La bibliothèque libre.
Le texte de cette page a été corrigé et est conforme au fac-similé.

Rosette n’en dit rien, car cette histoire divulguée eût perdu Candale de réputation.

Aussi le matin, très inquiète de cette mésaventure, elle fit devant une glace l’examen détaillé de ses charmes : elle déroula ses cheveux qui étaient à pleines mains ; elle regarda ses dents en les découvrant jusqu’à leurs gencives roses.

Jamais jeune loup, égorgeant dans les bois son premier mouton, n’en eut de plus pures ; elle examina son teint plus uni que le satin, que le marbre, que tout ce qu’il y a d’uni au monde, et elle n’y trouva ni un pli, ni une ride, ni une gerçure, ni une tache de rousseur, ni une vergeture ; Hébé, la déesse de la jeunesse ; Hygie, la déesse de la santé, ont à coup sûr moins de fraîcheur.

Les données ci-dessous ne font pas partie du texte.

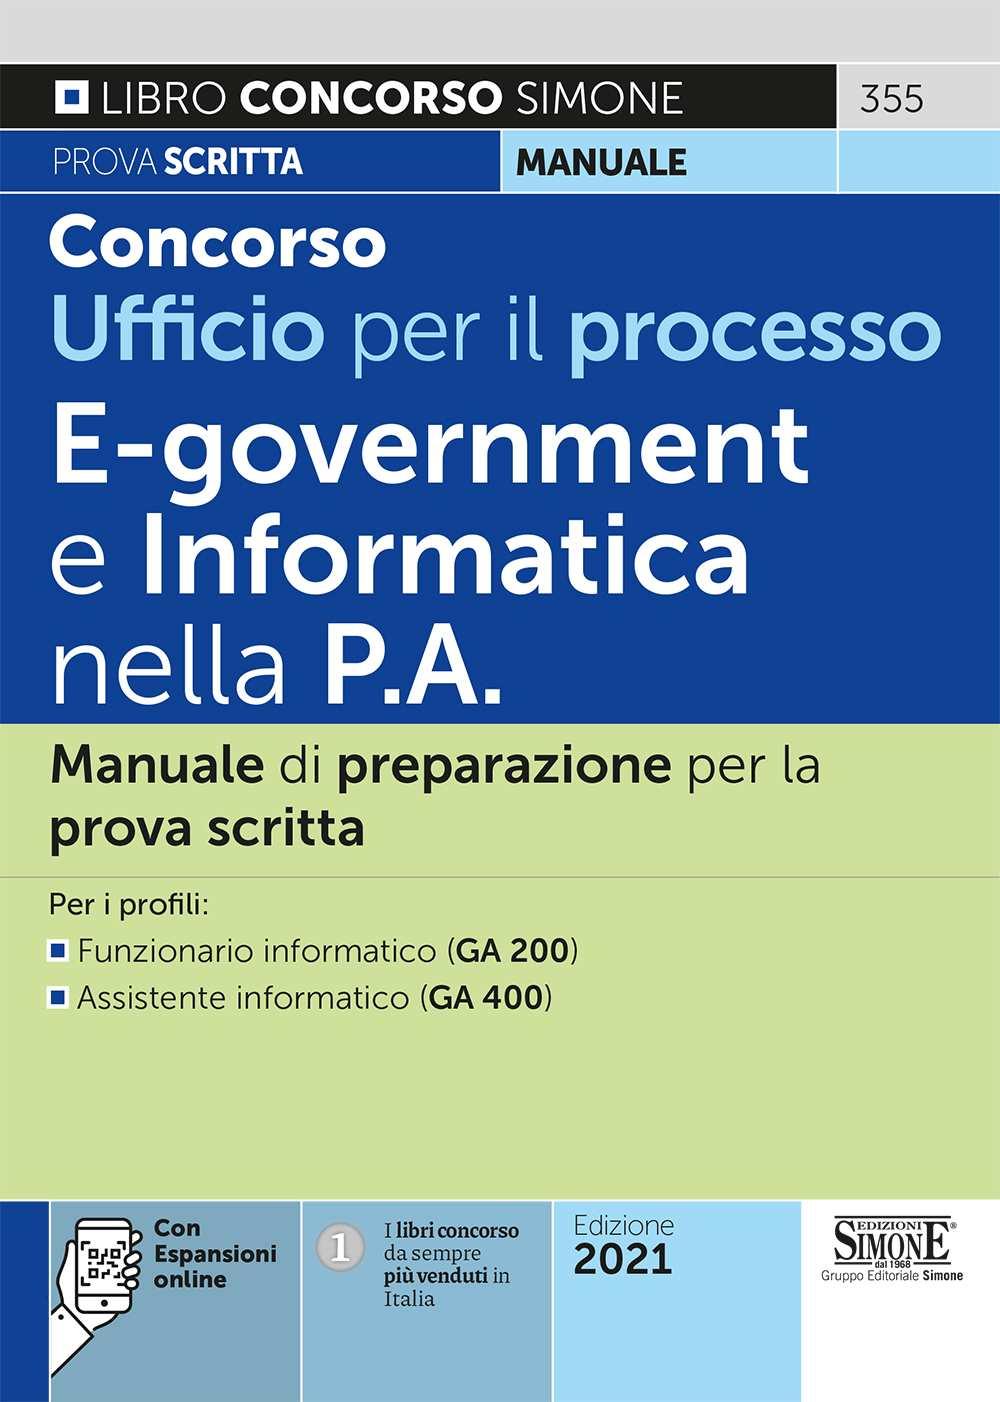 manuale E-government e Informatica nella P.A.

Par un heureux privilège, que le vice a plus souvent que la vertu, les joues de Rosette, malgré le fard et les baisers, conservaient cette fleur de pêche que le moindre contact enlève, elle passa en revue ses bras, qui étaient les plus beaux du monde, et ses jambes que tout Paris admirait, brillantes comme le marbre sous leur réseau de soie, dans les ballets de Dauberval.

Le résultat de cette inspection fut un sourire. Rosette se trouvait belle.

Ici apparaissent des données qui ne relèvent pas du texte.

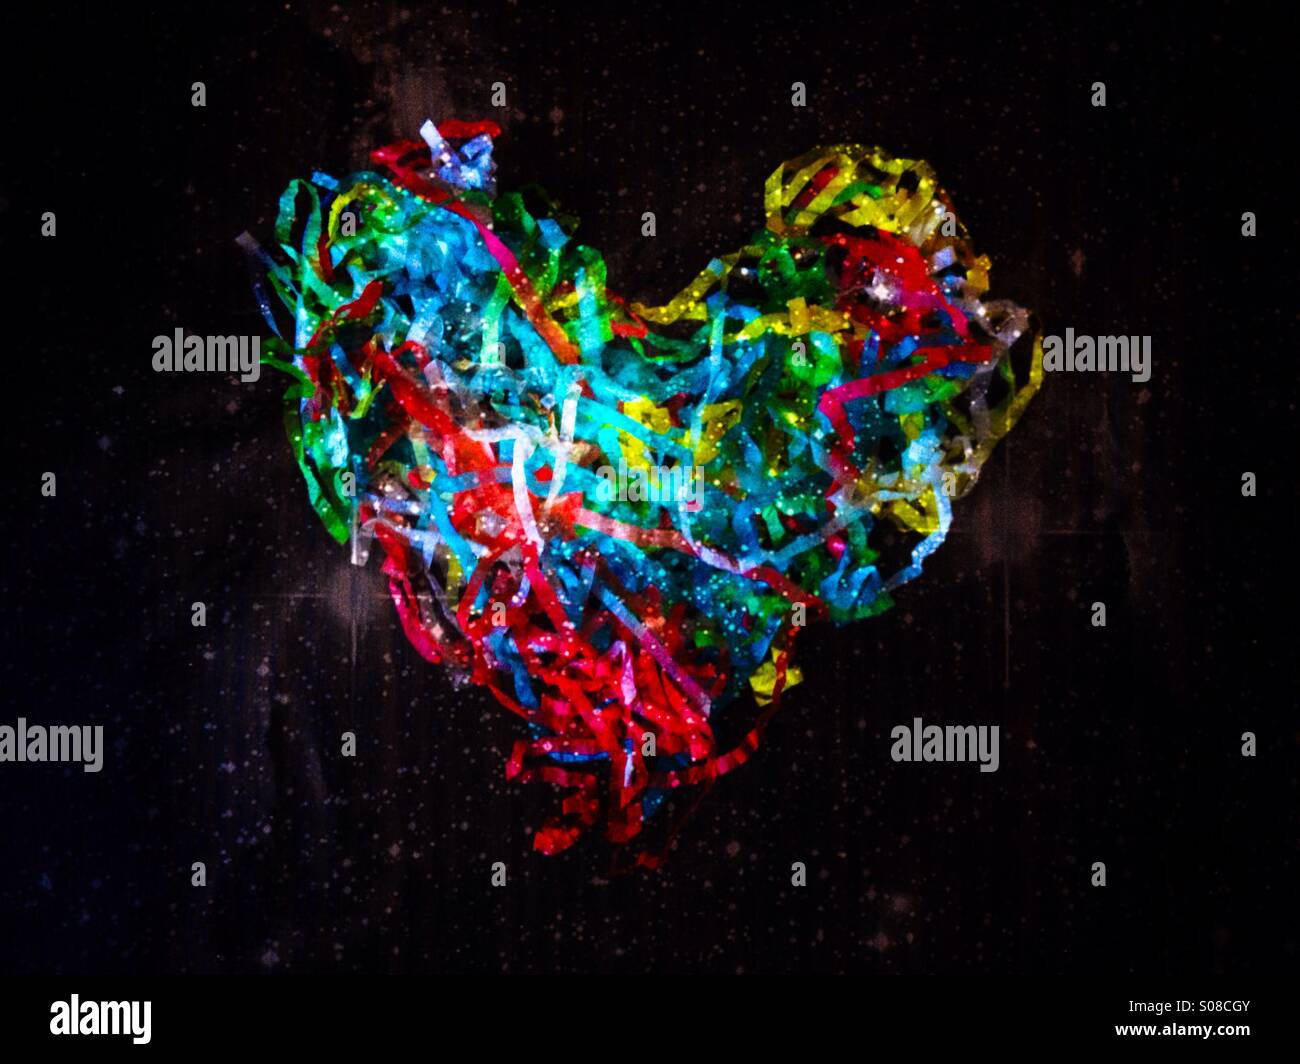 Bunte Luftschlangen in der Form eines Herzens Liebe Stockbild

Elle était rassurée et se donna pour explication que Candale avait ce soir quelque souci dans l’âme, ou bien qu’il était fatigué, quoique le dix-huitième siècle n’admît pas que l’on pût être fatigué.

Elle prit donc une grande résolution, surtout pour une danseuse, plus adroite de ses pieds que de ses mains ; ce fut d’écrire au vicomte de Candale !

Les danseuses et même les grandes dames du dix-huitième siècle ne brillaient pas précisément par la calligraphie et l’orthographe.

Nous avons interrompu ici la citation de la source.